**Try it**
The data below is to be written out exactly, with no pictures.

**Given material**

--- START ---

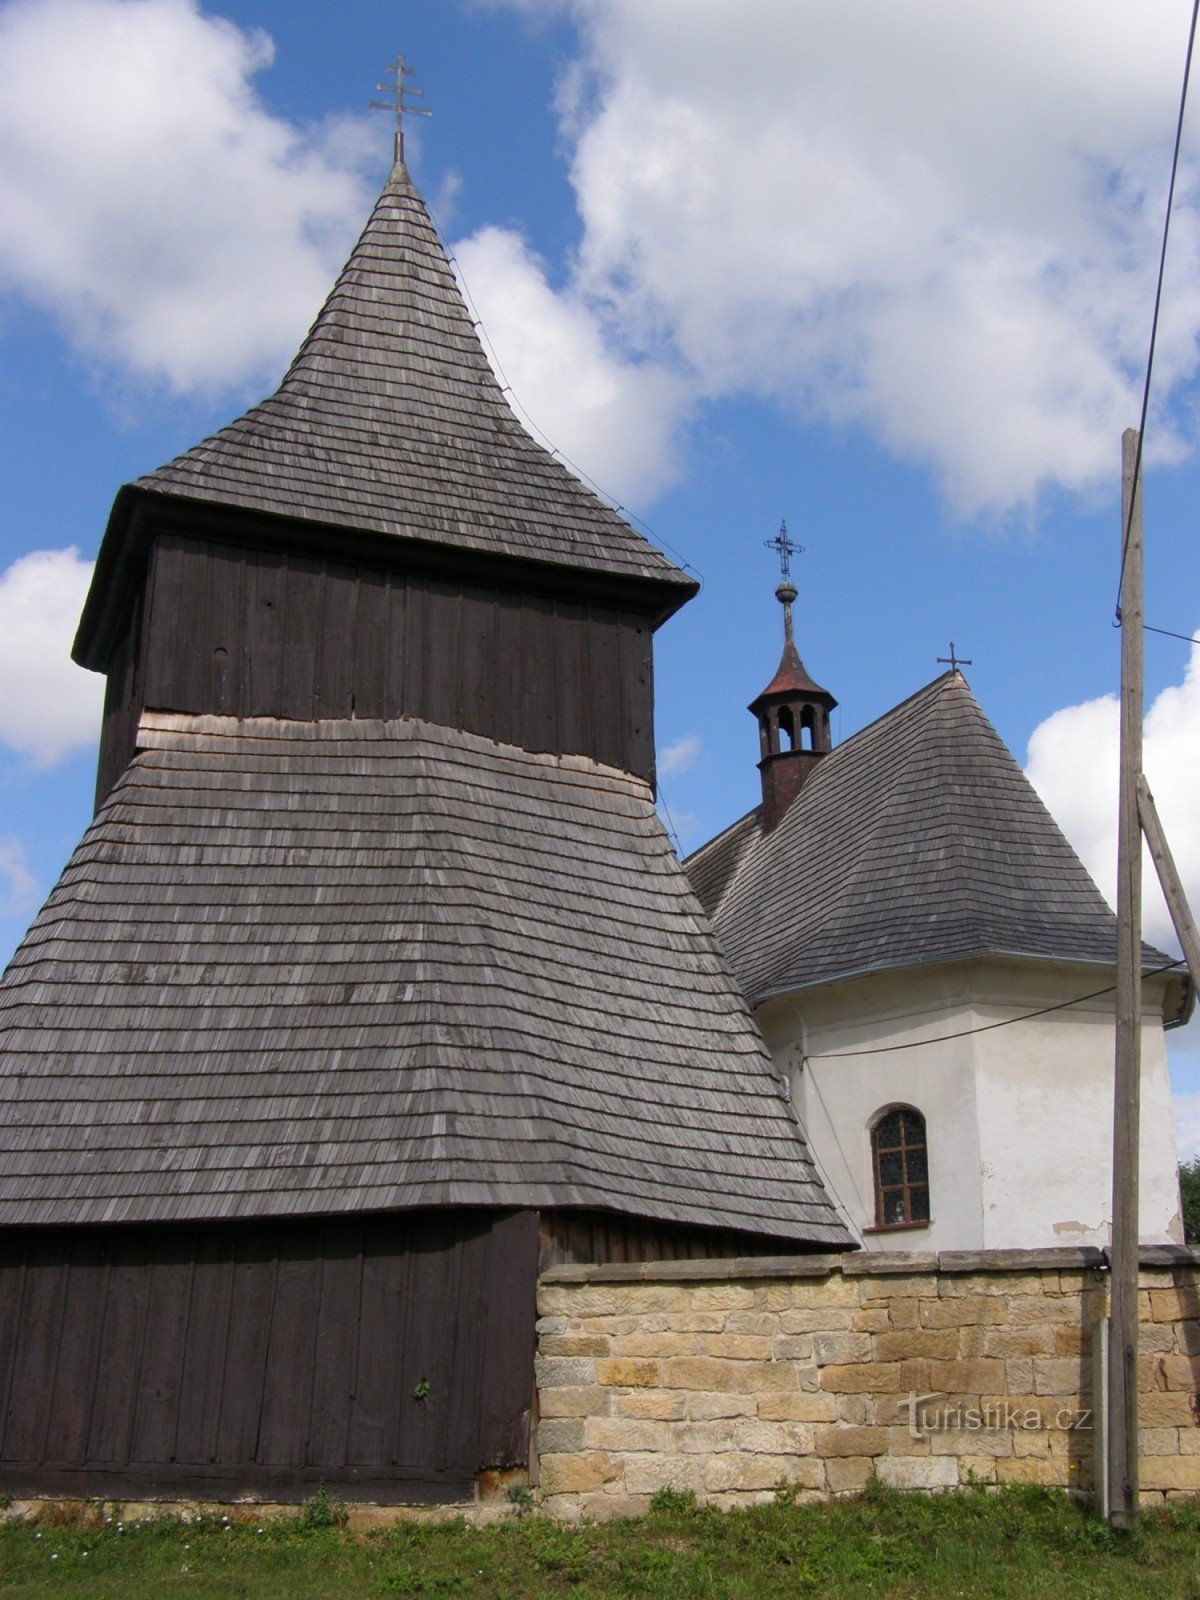 Vysočany - 圣木教堂有木制钟楼的市场
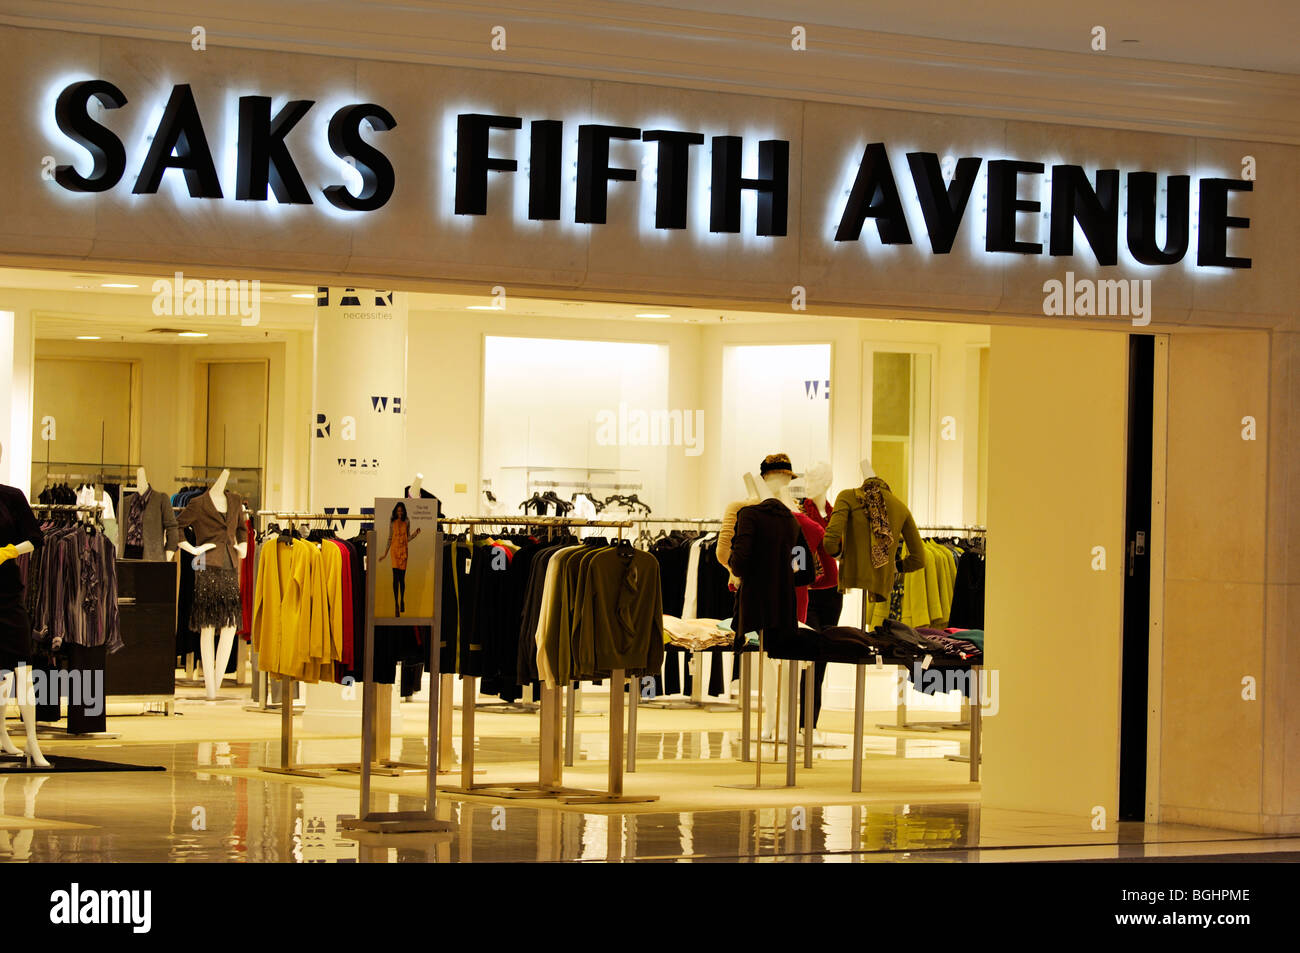 Saks Fifth Avenue store Stock Photo
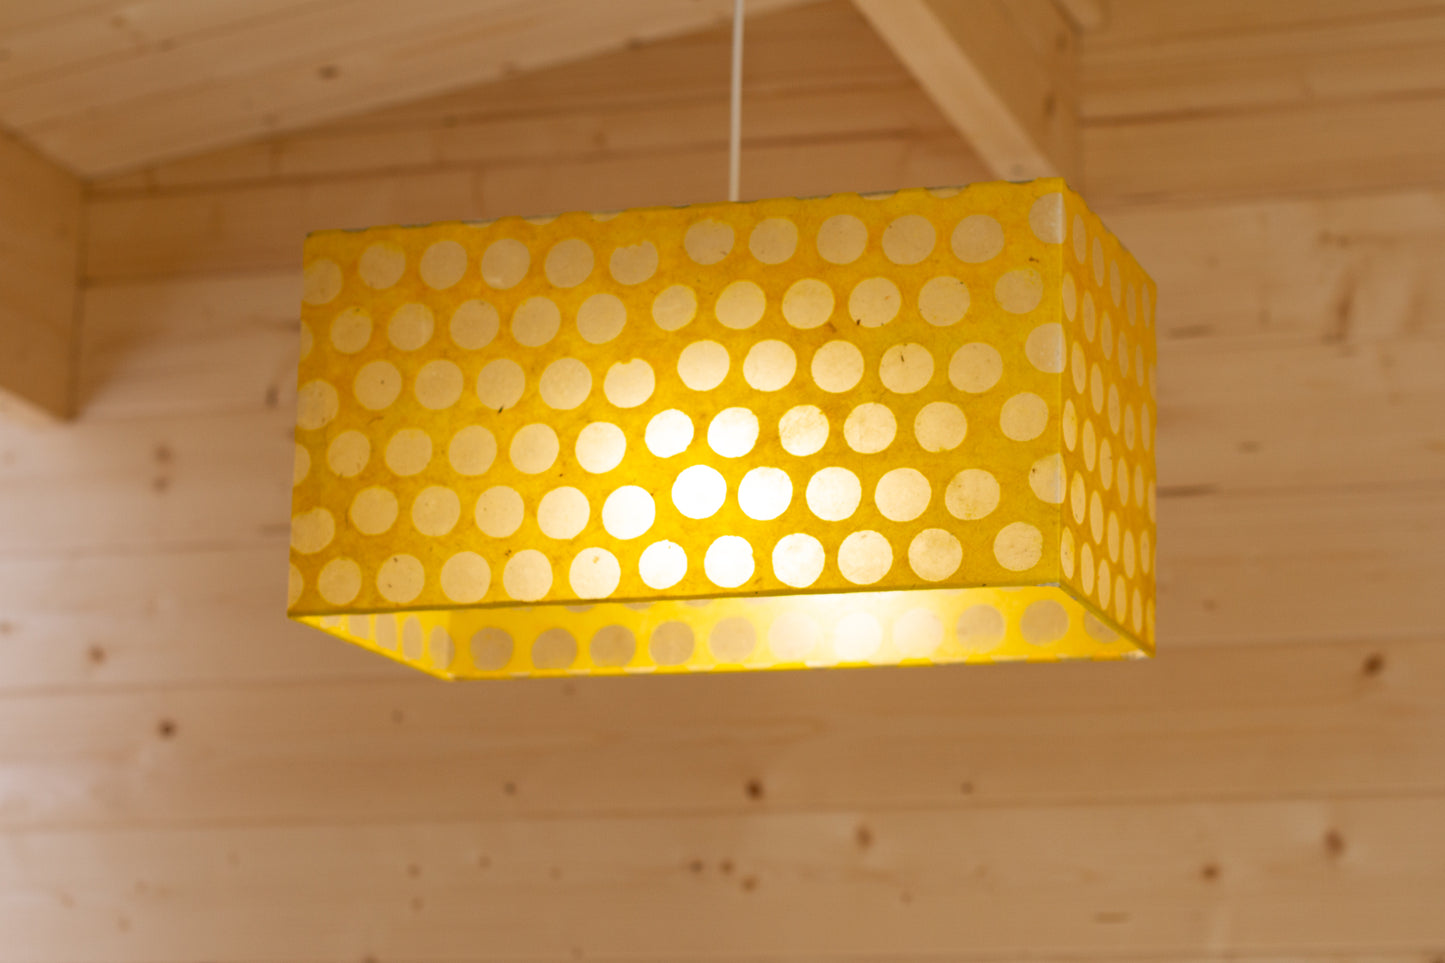 Rectangle Lamp Shade - P86 ~ Batik Dots on Yellow, 40cm(w) x 20cm(h) x 20cm(d)

--- END ---

**Response box**
 Vysočany - 圣木教堂有木制钟楼的市场
 Saks Fifth Avenue store Stock Photo
 Rectangle Lamp Shade - P86 ~ Batik Dots on Yellow, 40cm(w) x 20cm(h) x 20cm(d)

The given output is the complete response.